Approximately 10 teaspoons of sugar are contained in a 12-ounce serving of regular Coca-Cola (354 ml). 
Approximately 6 teaspoons (25 grams) of added sugar a day is recommended by the American Heart Association (AHA) for children aged 2-18.
Several health studies have demonstrated that kids who consume sweetened drinks are more likely to suffer from serious health conditions, such as diabetes and nonalcoholic fatty liver disease. [16, 17]
In addition, flavored milk contains high-fructose corn syrup, an artificial sweetener that is associated with childhood obesity. 
There is a link between sweetened beverages and obesity, nonalcoholic fatty liver disease, and diabetes, and sugary drinks are high in added sugar.
100% fruit juice contains essential vitamins and minerals, but children should only consume the recommended amounts of the juice.
American Academy of Pediatrics (AAP) recommends that children 1 to 6 consume four to six ounces of juice (120-180 ml) every day while children 7 to 18 should consume eight to twelve ounces (235-355) per day.

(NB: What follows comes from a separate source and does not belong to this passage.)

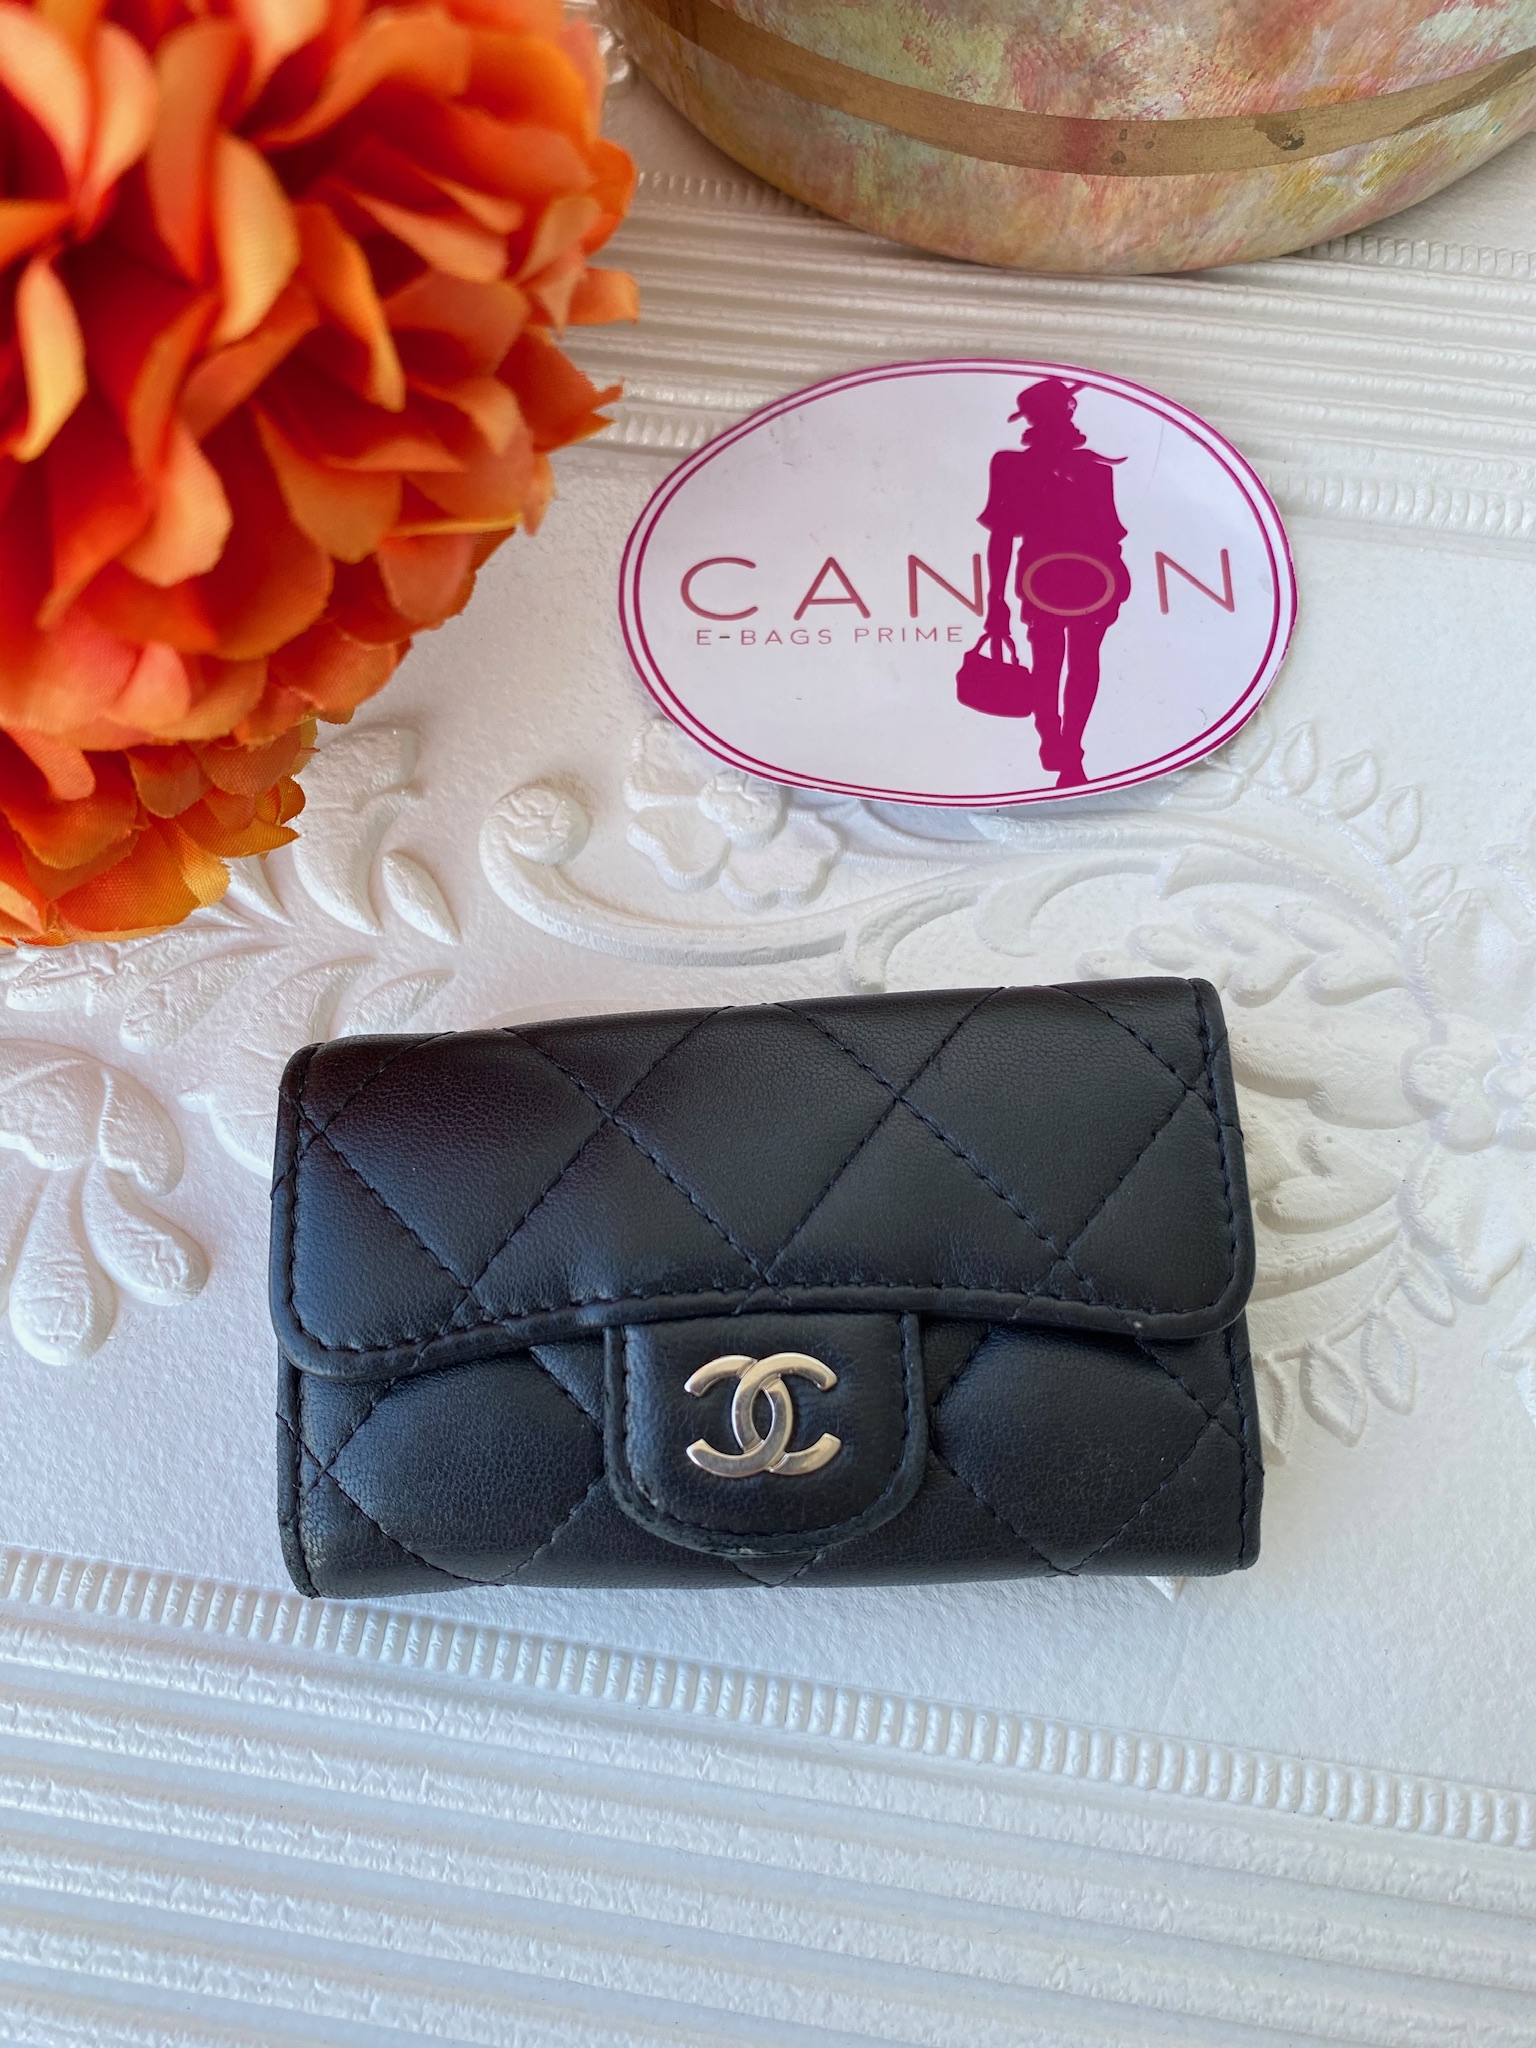 Chanel Black Quilted 6 Key Holder Lambskin. Made in Italy. Series 22xxx. -  Canon E-Bags Prime

Usually, 100% fruit juice isn’t linked to weight gain when consumed in such quantities. 
Children who consume a lot of fruit juice are at an elevated risk of becoming obese. 
Further, studies have found that children who consume fruit juice daily gain weight.
According to a review of 8 studies of children aged 1–6 over 1 year, consuming 100% fruit juice daily is associated with increased weight gain. 
The absence of fiber in fruit juice makes it easy for kids to drink excessive amounts of liquid. 
Because of this, whole fruit should always be offered to children rather than fruit juice.
Infants under the age of one should not be exposed to juice at all. 
Juice is a source of vitamins and minerals, but whole fruit is preferred over juice.
Caffeinated beverages, including soda, coffee, and energy drinks, are popular among kids.
Approximately 75% of U.S. children aged 6–19 consume caffeine, with an average intake of 25 mg per day for children 2–11 years old and twice as much for children 12–17 years old. 
Organizations that promote the health of children, like the AAP, recommend that children over the age of 12 consume no more than 85–100 mg of caffeine per day and that children under 12 should not consume any caffeine at all. 
The caffeine content of many energy drinks can be over 100 mg per 12oz (354ml) serving, making them unsuitable for kids and adolescents who are likely to be excessive caffeine consumers. 
As a result, you should restrict or even forbid your child from consuming caffeinated beverages due to their ability to cause jitteriness, anxiety, and erratic heart rates.
The Bottom Line
When your children are thirsty, you can offer them a wide range of healthy beverages.